From reports it has read, the Council has concluded that there are owners of forest land in Connecticut who would donate a conservation easement to protect their land from development permanently if the process were simple, permanent and inexpensive. However, there is no way to tell how many such landowners would take advantage of a 490 Forever program. The Council thought it best to start with a pilot program to see what types of lands (if any) are preserved and what problems might arise. The Council is being cautious; it is not opposed to a permanent program instead of a pilot.

Who would enforce the easement?

If a landowner donates an easement and then proceeds to do something – build houses, for example – that is restricted by the easement, it would be the responsibility of DEEP, as the recipient of the easement, to take action as necessary. More than likely, the landowner’s activities would be noticed by municipal officials (such as assessors or other officials) who would notify DEEP. Some costs might arise for the state, but they are likely to be minimal; the state would not be responsible for managing the lands, but would be responsible for making sure the terms of the easement were not violated.

Would municipalities lose tax revenue?

Under the Council’s proposal, only land currently classified as forest land under P.A. 490 would be eligible, so there would be no reductions in current revenue. Towns might be concerned that they could receive less property tax revenue in the future if they are comparing revenue under P.A. 490 rates to the tax revenue that would be collected if the land were developed. However, because this is a voluntary program that only preservation-minded landowners would enter, it is unlikely that any town would be forgoing much revenue from development. The landowner still would be paying property tax, but at the lower P.A. 490 rate that usually is appropriate given the small burden such land puts on municipal services.

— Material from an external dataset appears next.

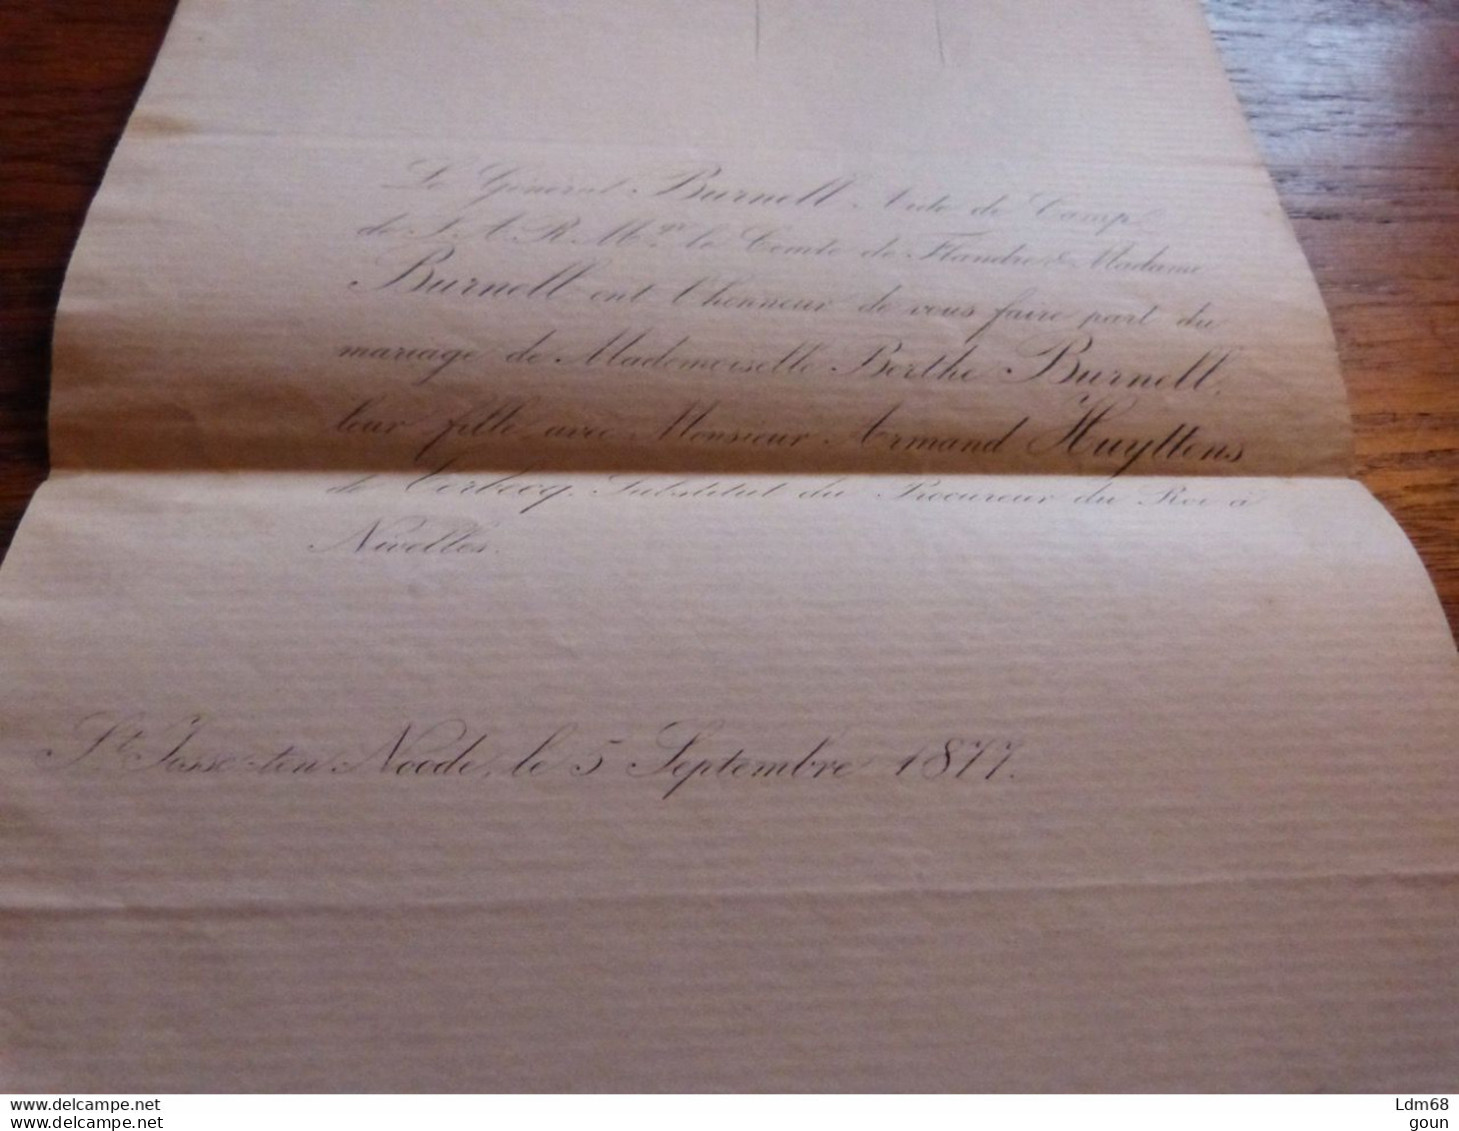 I35 Invitation Mariage Berthe Burnell Armand Huyttens De Terbecq Sub. Proc Du Roi Nivelles - 1877 - Mariage

Could municipalities participate more directly?

One interesting idea would be to let municipalities elect to receive the easements instead of the state.

Who would help the landowner with this process?

Ideally, DEEP would be appropriated sufficient funds to have staff available to answer occasional questions. Even more ideally, there would be a small account available to cover any (hopefully small) costs incurred by the landowner.

*Disclaimer: These answers were prepared by staff of the Council on Environmental Quality to help explain the Council’s current draft recommendation for a new land conservation tactic. Because it still is a draft, there likely will be changes made to the recommendation. If the General Assembly elects to act on the recommendation, there probably would be many more changes. Again, the above answers are intended to reflect the Council’s current thinking, and should not be regarded as anything more binding.